Transcribe only the part of the material below that begins at the line containing "The site plan for Fountainhead Apartments." and ends at the line containing "Botanical watercolor. Cones", with both kept and images left out.

» **Data provided**
=== Section Start ===
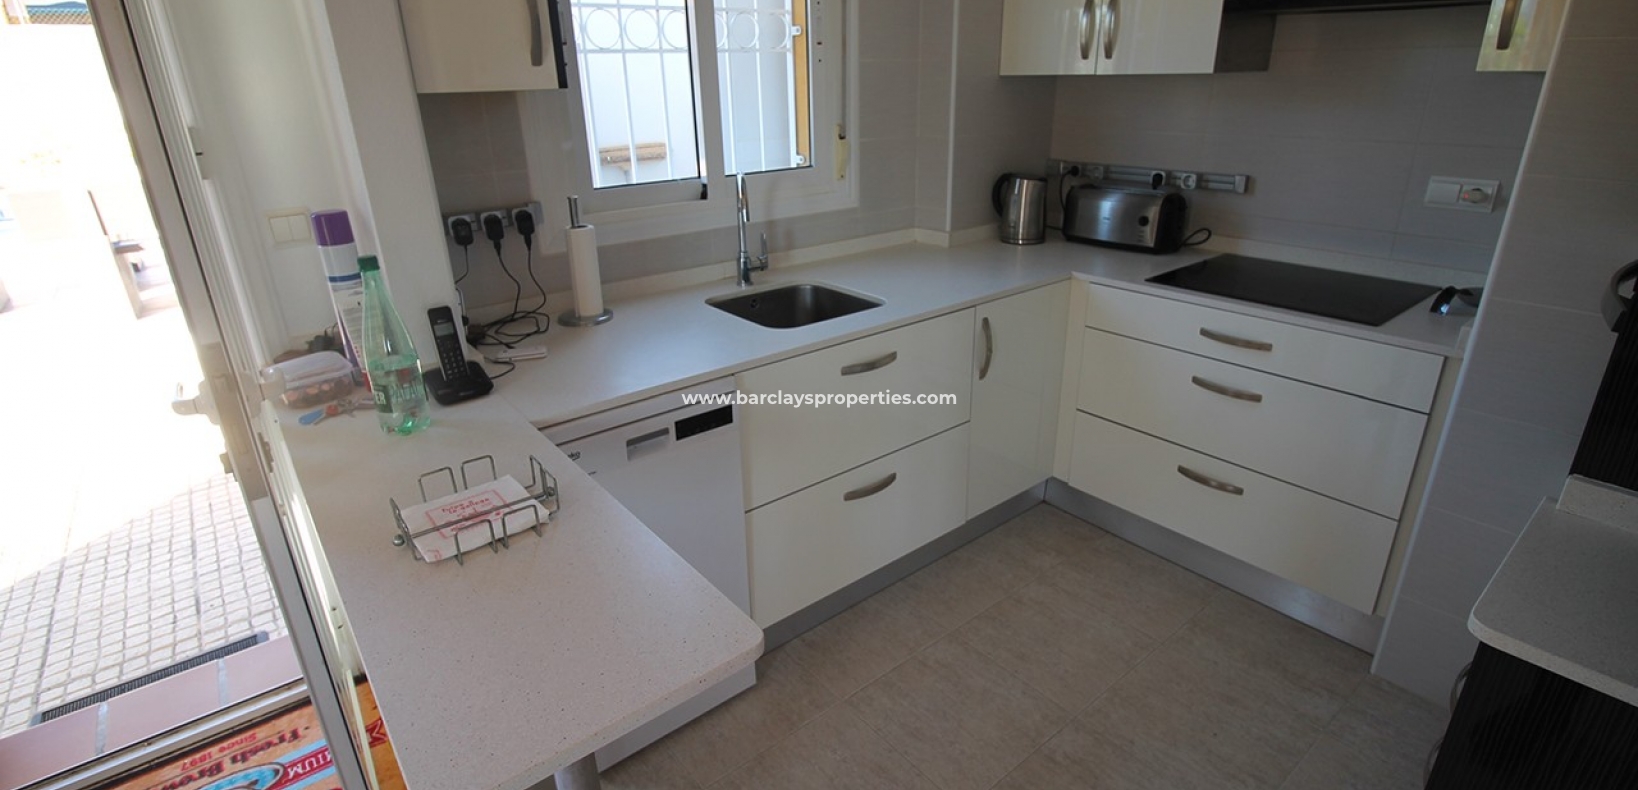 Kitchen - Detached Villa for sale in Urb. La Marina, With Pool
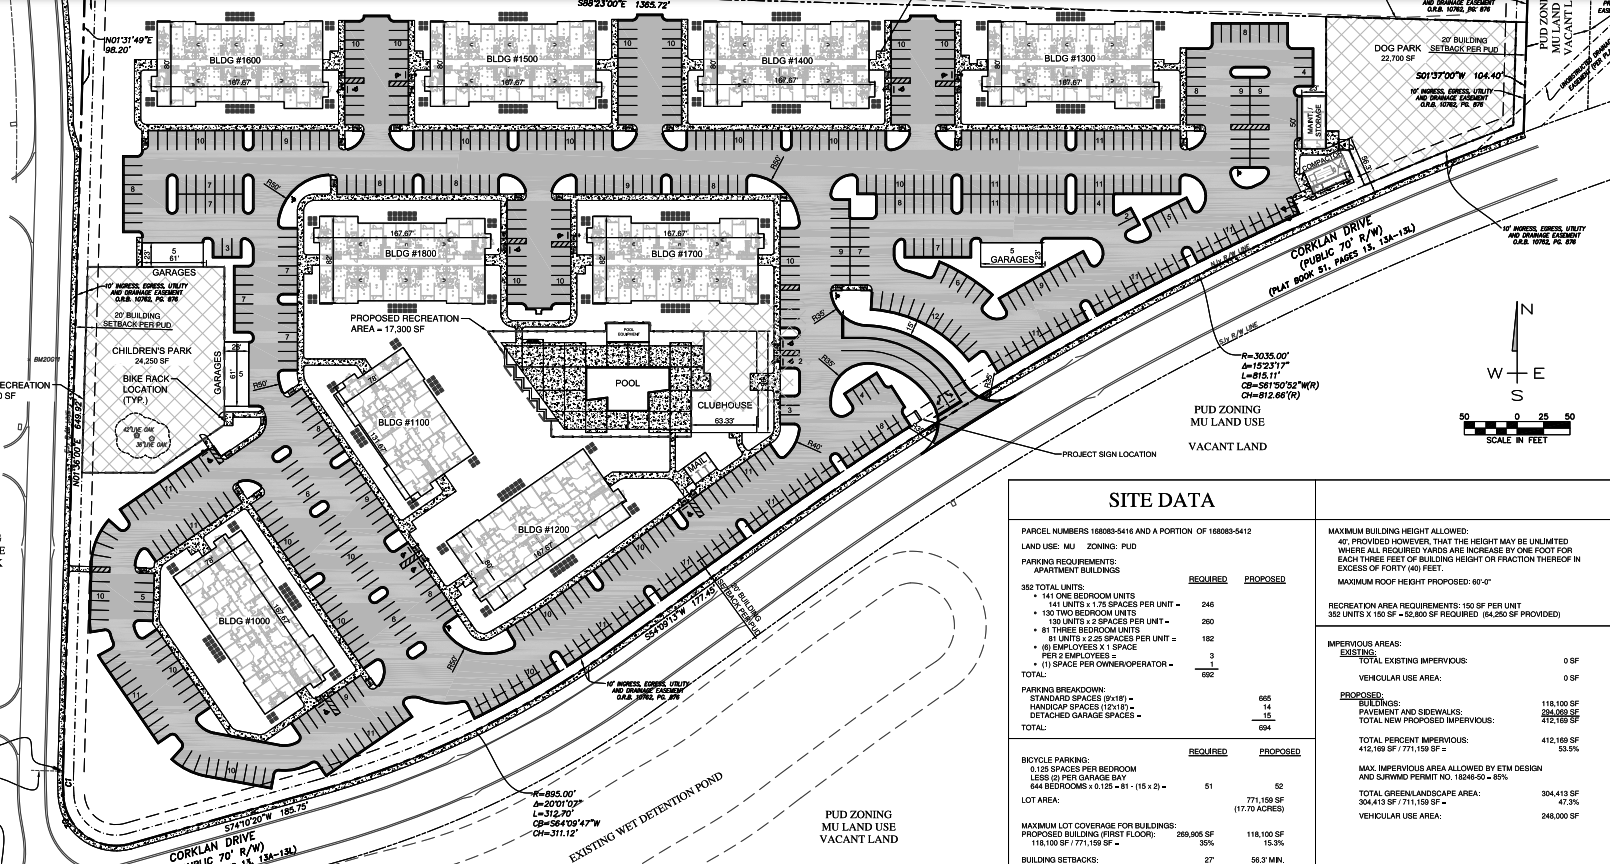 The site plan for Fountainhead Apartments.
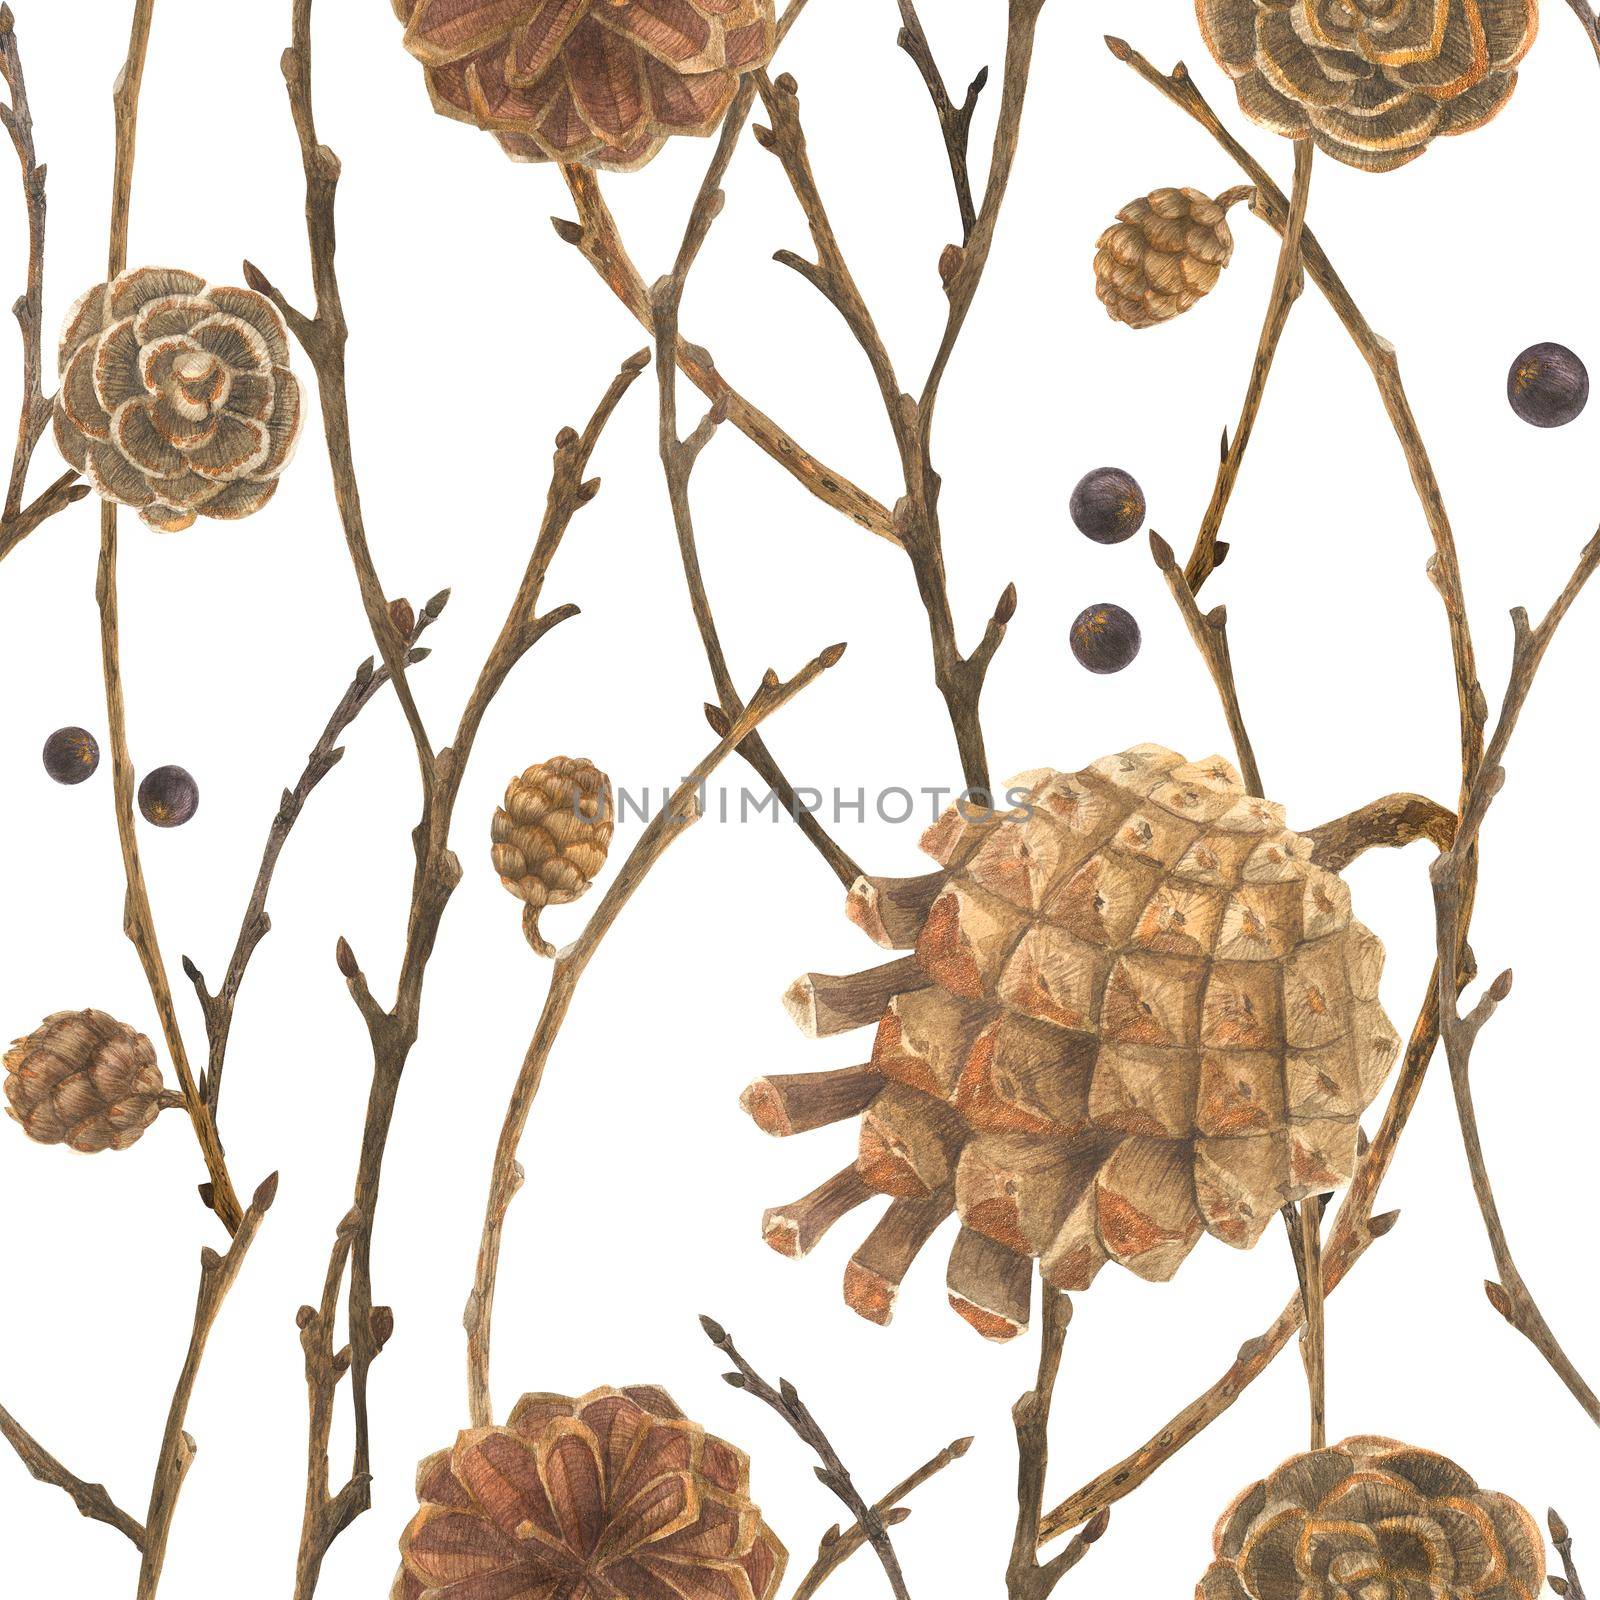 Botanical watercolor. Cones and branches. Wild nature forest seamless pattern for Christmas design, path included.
=== Section End ===
=== Section Start ===
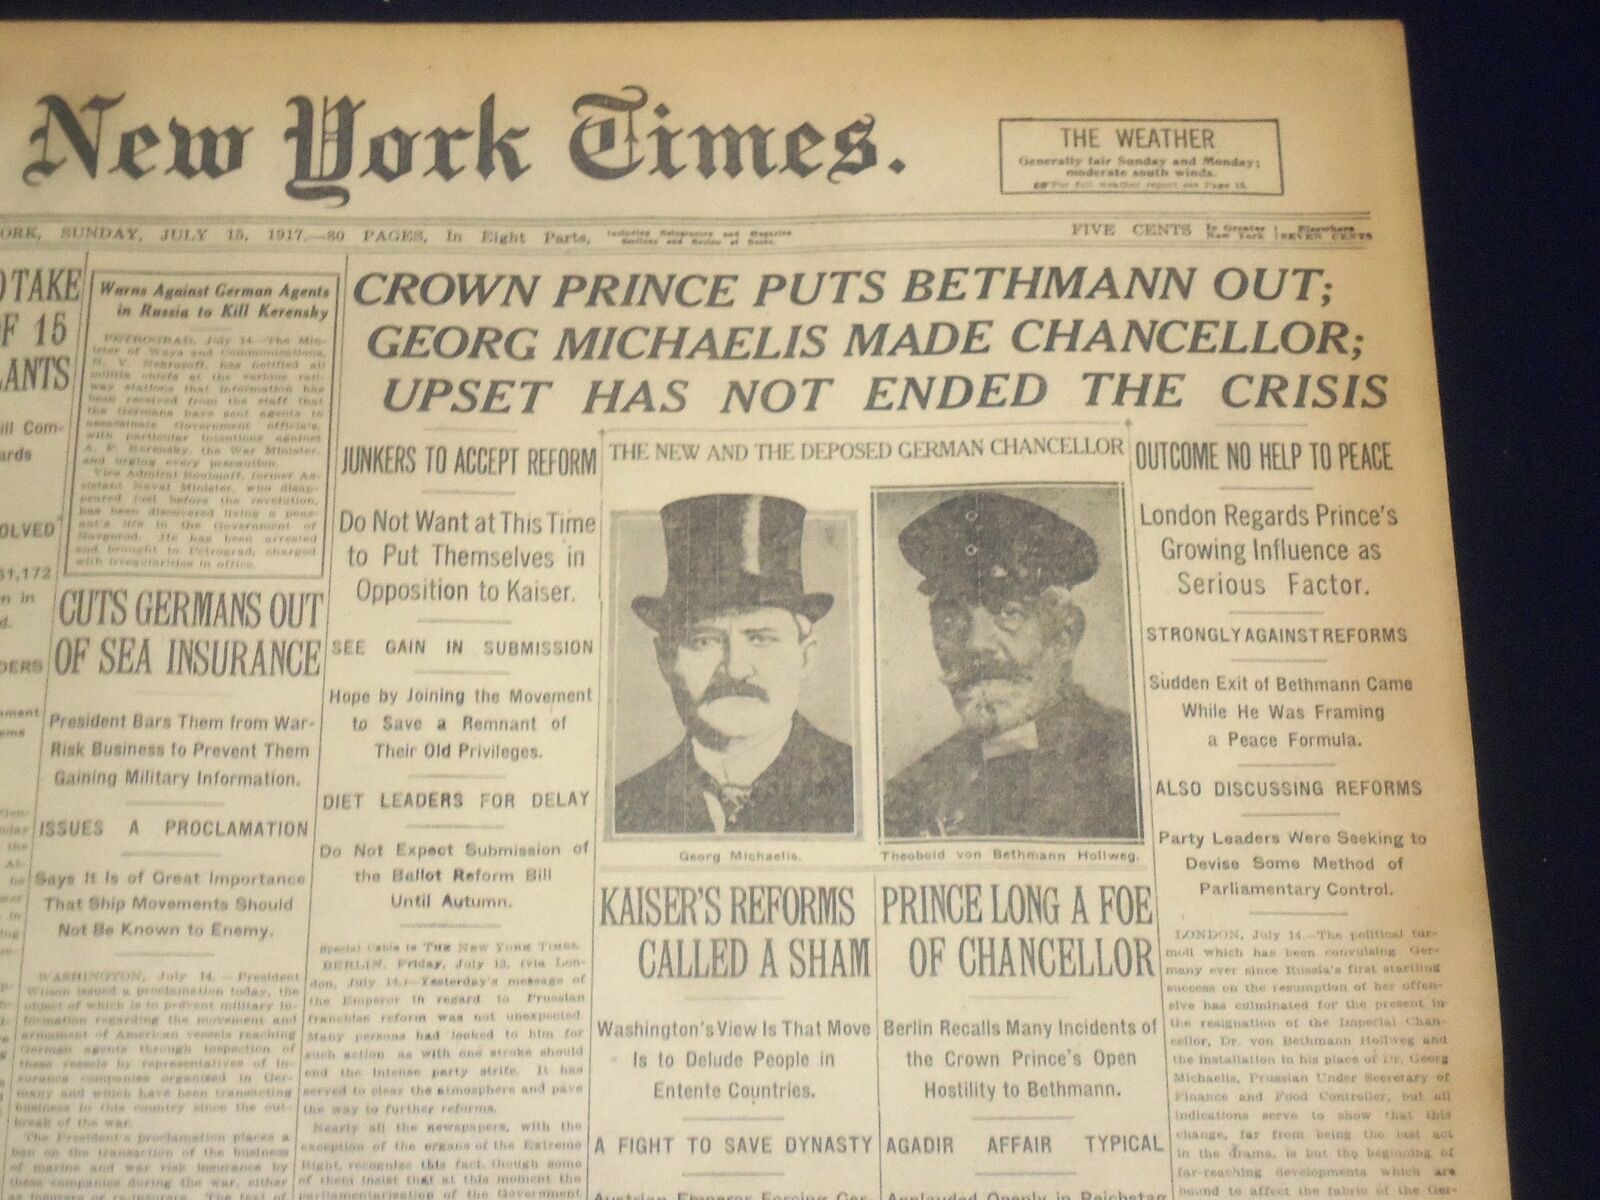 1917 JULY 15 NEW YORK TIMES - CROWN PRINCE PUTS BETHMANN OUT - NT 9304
=== Section End ===
» **Completed task**
 The site plan for Fountainhead Apartments.
 Botanical watercolor. Cones and branches. Wild nature forest seamless pattern for Christmas design, path included.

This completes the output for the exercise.